The Ocean Park Series
Diebenkorn turned 45 in 1967, the year he began the Ocean Park paintings. He dedicated the following 20 years to the series, which would be the largest body of work that he produced. The series represents not only a break with the artist’s preceding representational work in Berkeley, where he was identified with Bay Area figurative work, but also a divergence from the artistic developments in Southern California at the time. Although the Ocean Park works would become Diebenkorn’s most celebrated, some of the most basic facts about these works are not well known: Diebenkorn made no fewer than 145 Ocean Park paintings, including the small cigar-box lids paintings from the mid-to-late 1970s. His works on paper (drawings, collages, and paintings on paper) number nearly 500, and his prints-often overlooked and rarely shown in conjunction with the paintings-represent another significant body of work.
The early Ocean Park paintings evoke the translucency and radiance of stained-glass windows, with thick white bands articulating planes of jewel-toned colors. By the mid-1970s, these bands had given way to the architectonic geometry of thinner black and colored lines that girded the paintings. Right angles, strips of color, and diagonal and straight-edge markings along the top and one side of the canvas are counterpoised with expanses of canvas at the center that together reveal a palimpsest of mediums and hues that converge into a single composition of many planes, as in Ocean Park #79 (1975).

A cluster of darkly hued compositions-dominated by black, dark blue, or grisaille-appear in the very last years of the series, around the death of the artist’s mother in 1984. The last large-scale painting, Ocean Park #140, was completed in 1985; although Diebenkorn continued to make smaller works on paper in his Ocean Park studio until 1988, when he and his wife Phyllis moved to Healdsburg in the wine country of Northern California.

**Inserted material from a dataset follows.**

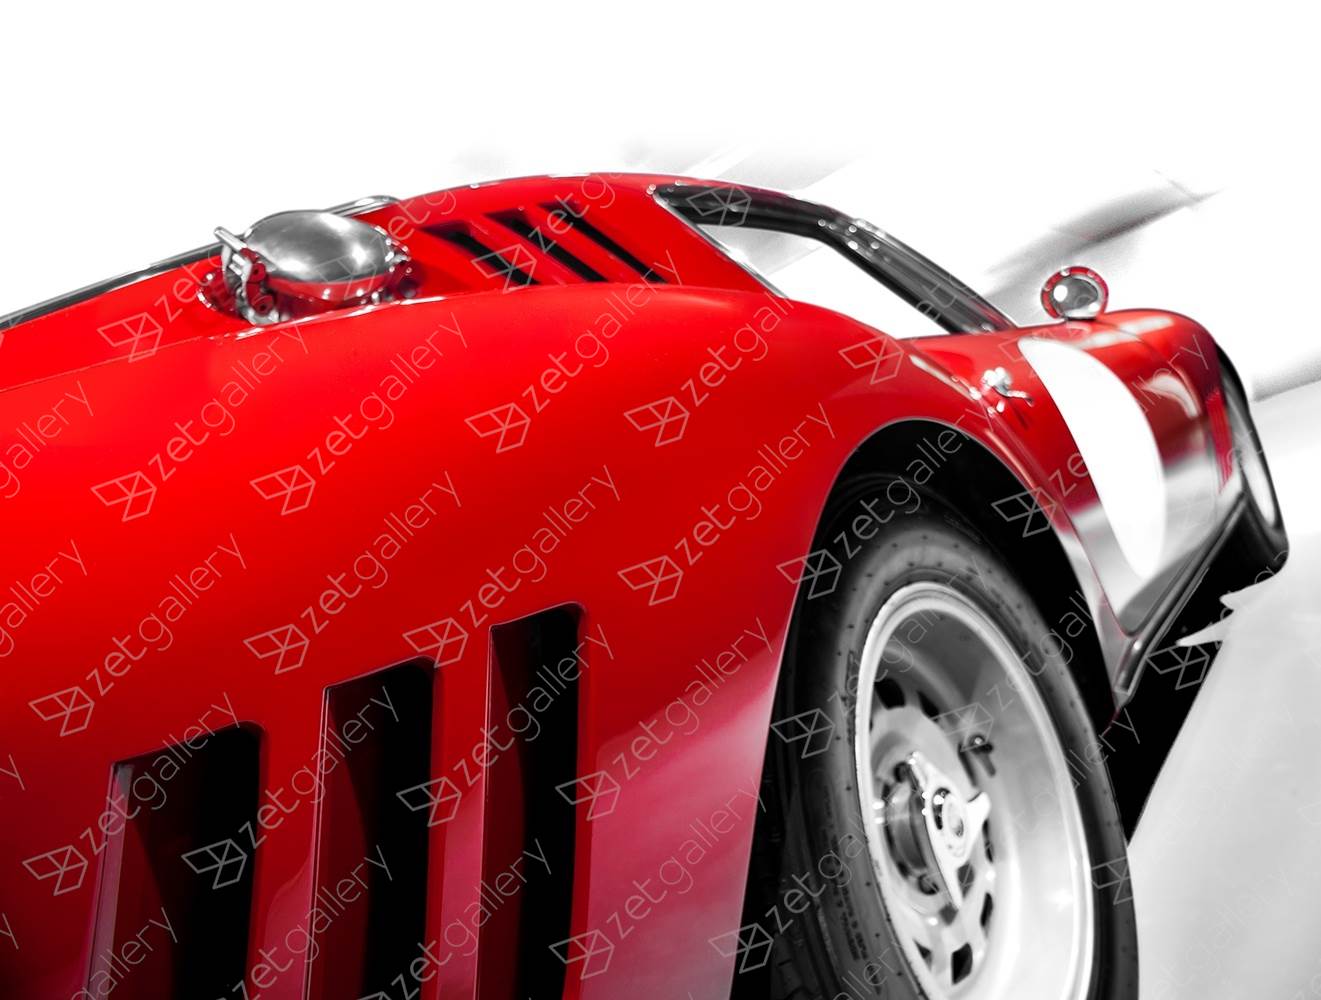 Ferrari GTB Competizione 02, original Avant-Garde Digital Photography by Yggdrasil Art

Each work was for Diebenkorn an exploration for “rightness,” an attempt to solve complex and often self-imposed compositional and unique problems, welcome mistakes, push through objections and self-doubt to come to a balanced resolution. The compositions were built-up through periods of activity in which erasures, revisions, accretions, and ultimately hard-won resolutions coalesced into nuanced compositions. The artist worked and reworked canvases, scraping and repainting, building up layers and abstract geometric relationships, atmospheric fields and planes, finally arriving at a resolution. Anger, frustration, hesitation, despair, and relief all came to bear on the paintings: a combination of intention, intuition, and improvisation.

Diebenkorn was certainly affected by his environment, but the Ocean Park works are not abstract landscapes of his surroundings. The Modern’s chief curator, Michael Auping, recalls, “In the 1970s, I was lucky enough to be able to visit Diebenkorn’s studio while he was in the midst of making some of these paintings. He almost seemed like a scientist when he talked about the nuances of color and light, and how light in Southern California was like the light in the south of France. ’Buoyant’ was a word he used.” The Ocean Park works are a unique combination of environment and abstract invention. “I arrive at the light only after painting it, not by aiming for it.[”1]

Drawings, collages, and prints were a significant part of Diebenkorn’s practice; they are works of art in their own right that also served as catalysts in his painting practice, acting as springboards between works and across media. Notably, the drawings were almost never studies for the paintings. Rather, they were explorations of concerns that the artist wanted to pursue (he would often switch back and forth as he worked in the studio, focusing on a drawing when at a stumbling block with a painting.) The array of works produced during the Ocean Park era are exceptional expressions of Diebenkorn’s sensibility and nuanced sensitivity to color and line in diverse media.